HCC often develops among patients who have cirrhosis. It is estimated that approximately 60% of all patients with HCC have underlying cirrhosis . In some patients, cirrhosis associated with portal hypertension and thrombocytopenia makes systemic chemotherapy for HCC extremely difficult and contributes to the poor prognosis associated with HCC. Furthermore, there is no prospective controlled study suggesting that systemic chemotherapy prolongs survival in HCC patients when compared with best supportive care.
Single chemotherapeutic agents, which have demonstrated a consistent response rate of more than 10% are doxorubicin [4, 19], 5-FU and cisplatin [5, 6]. In a systematic review of clinical trials , the 1-year survival rate was superior for doxorubicin-containing regimen over non-doxorubicin-containing chemotherapy. In a study using PIAF regimen (cisplatin, doxorubicin, 5-FU and interferon alpha), 9 out of 50 HCC patients with PR were able to receive surgical resection resulting in pathologic CR in 4 patients . This indicates that aggressive systemic combination chemotherapy may result in CR for HCC patients. However, the PIAF regimen was associated with considerable toxicities with significant myelosuppression, which led to 2 treatment-related deaths. Triplet combination with ECF (epirubicin, cisplatin and 5-FU) was also evaluated in patients with HCC . ECF chemotherapy gave a modest response rate (15%) at the cost of considerable hematologic toxicity.

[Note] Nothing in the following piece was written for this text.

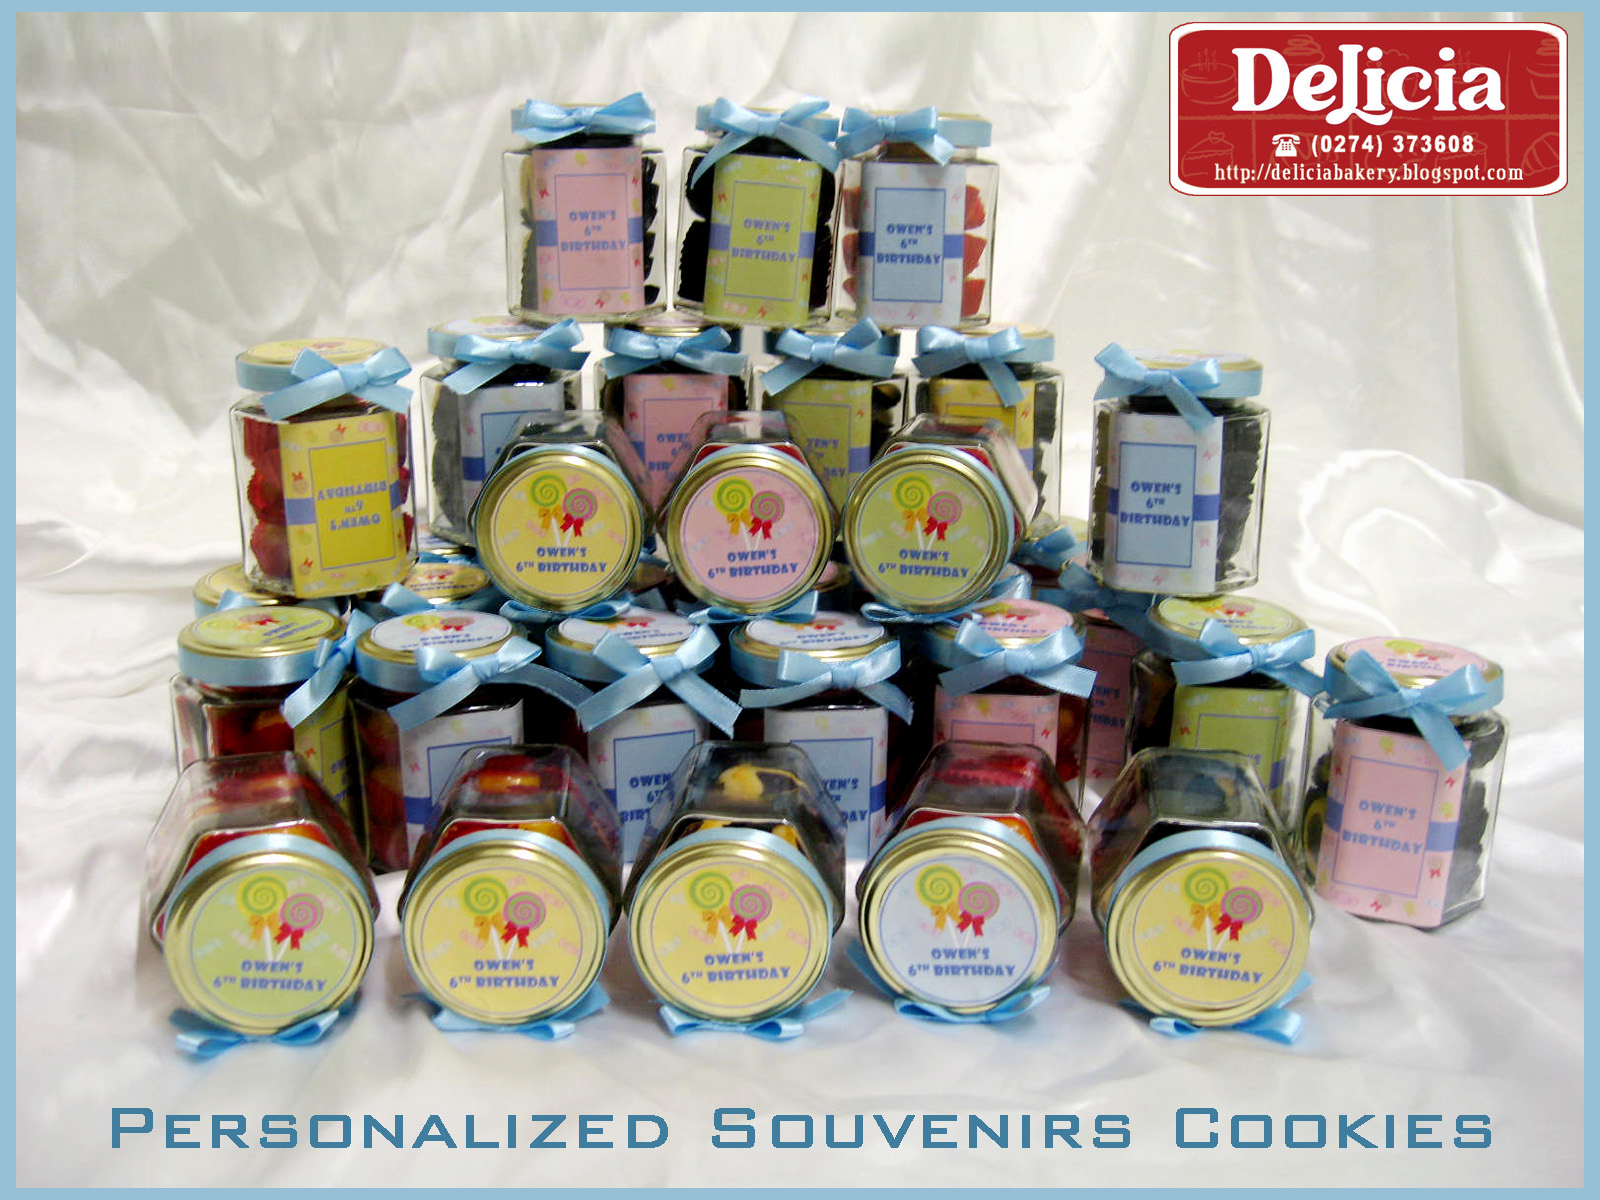 delicia bakery ice cream

In an attempt to achieve better tolerability and effectiveness with doxorubicin-containing combination regimen, we substituted 5-FU with capecitabine, which is considered to be as effective and more tolerable than 5-FU [21–23]. Although capecitabine has not been compared to infusional 5-FU to prove similar efficacy, oral administration has the advantage of permitting convenient, patient-orientated therapy, providing the patient with a degree of independence and improved quality of life, while avoiding complications associated with intravenous drug administration. Furthermore, most patients prefer orally administered therapy to intravenous treatment . The presence of mild-to-moderate hepatic dysfunction had no clinically significant effect on the pharmacokinetics of capecitabine and its metabolites . These findings suggest that capecitabine may be useful for patients with HCC , including those with impaired hepatic function.

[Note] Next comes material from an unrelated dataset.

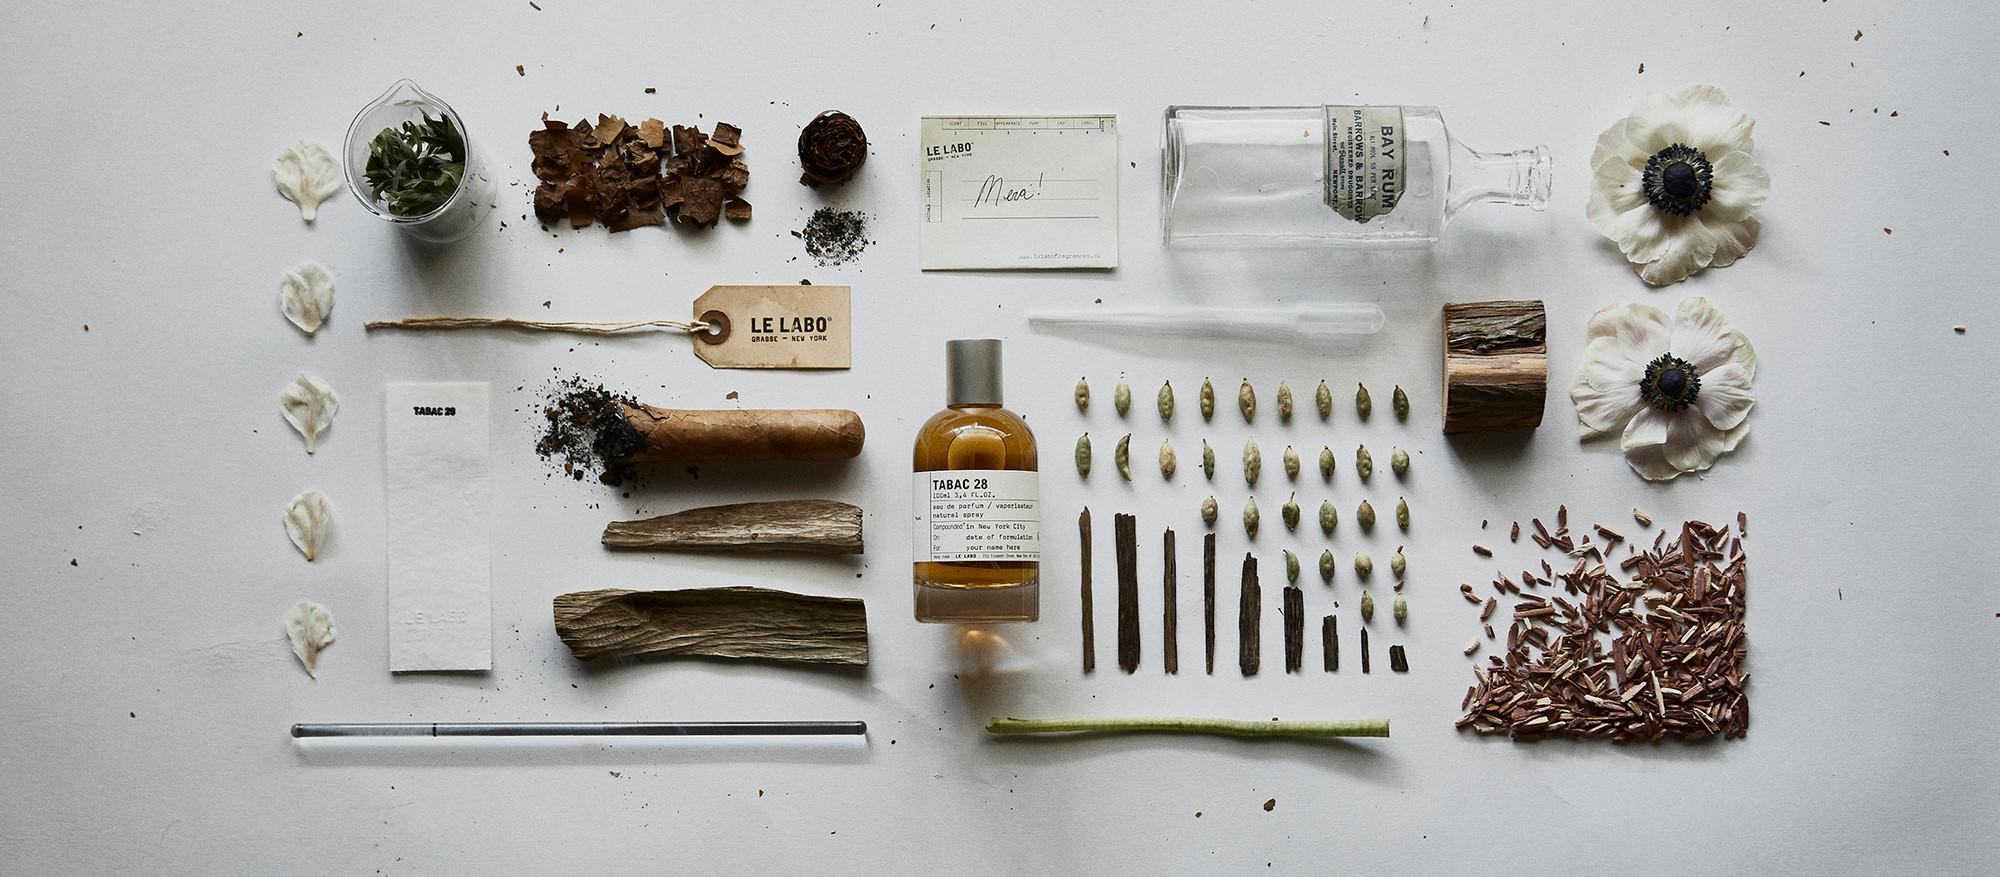 tabac 28

The combination of doxorubicin, cisplatin and capecitabine was well tolerated by patients with metastatic HCC. It should be kept in mind that the degree of cirrhosis was limited to Child-Pugh class A; none of the treated patients had class B or C cirrhosis. Using this triplet combination, we achieved an overall response rate of 24% and a median time to progression of 3.7 months. Forty percent of patients showed a significant reduction in serum AFP in this study. This observation should be interpreted with caution because it represents only a small group of patients with metastatic HCC in this phase II study and the majority of patients had good performance status and preserved hepatic function. As a result, grade 3 or 4 neutropenia occurred only in 14% of patients. This favorable toxicity profile achieved with triplet chemotherapy differed from results reported with other doxorubicin-based chemotherapy for HCC. Although it would be difficult to compare our data directly with the results of other studies, a survival benefit from our triplet combination in HCC seems unlikely, despite the acceptable response rate and favorable toxicity profile observed in our study. The response rate of our regimen is comparable to those found in most phase II studies of doxorubicin-based combination chemotherapy ranging from 13% to 26% [4–6, 19, 20]. Capecitabine monotherapy was also evaluated in a phase II study, resulting in a modest response rate and good tolerability . Recently, Yeo et al. have conducted a phase III study comparing single-agent doxorubicin with PIAF in patients with inoperable HCC . There was no significant difference in response rates and overall survival between doxorubicin and PIAF. To date, none of combination regimens has been recognized as a standard or superior to doxorubicin alone.
With few exceptions, it is generally conceived that systemic chemotherapy is relatively ineffective in HCC . HCC is resistant to chemotherapy because of the high mutational load it carries and the myriads of drug resistance mechanisms [27, 28]. This is in addition to the underlying liver dysfunction that imposes lower chemotherapy doses to mitigate toxicity. More recently, targeted therapeutics are being looked at aggressively in HCC. Several potential targets along the angiogenesis and the signal transduction pathway are evaluated in HCC. These include epidermal growth factor receptor, hepatocyte growth factor and its receptor c-met, and vascular endothelial growth factor . Bortezomib, considered as a potent and reversible inhibitor of the proteasome, was also evaluated in a phase I/II study . Interestingly, bortezomib attenuates certain pathways implicating in resistance to anthracyclines, and thus, a significant synergy between bortezomib and anthracyclines was observed . Our next step will be to combine doxorubicin with bortezomib and to investigate the relative place of the targeted therapy in the treatment of metastatic HCC.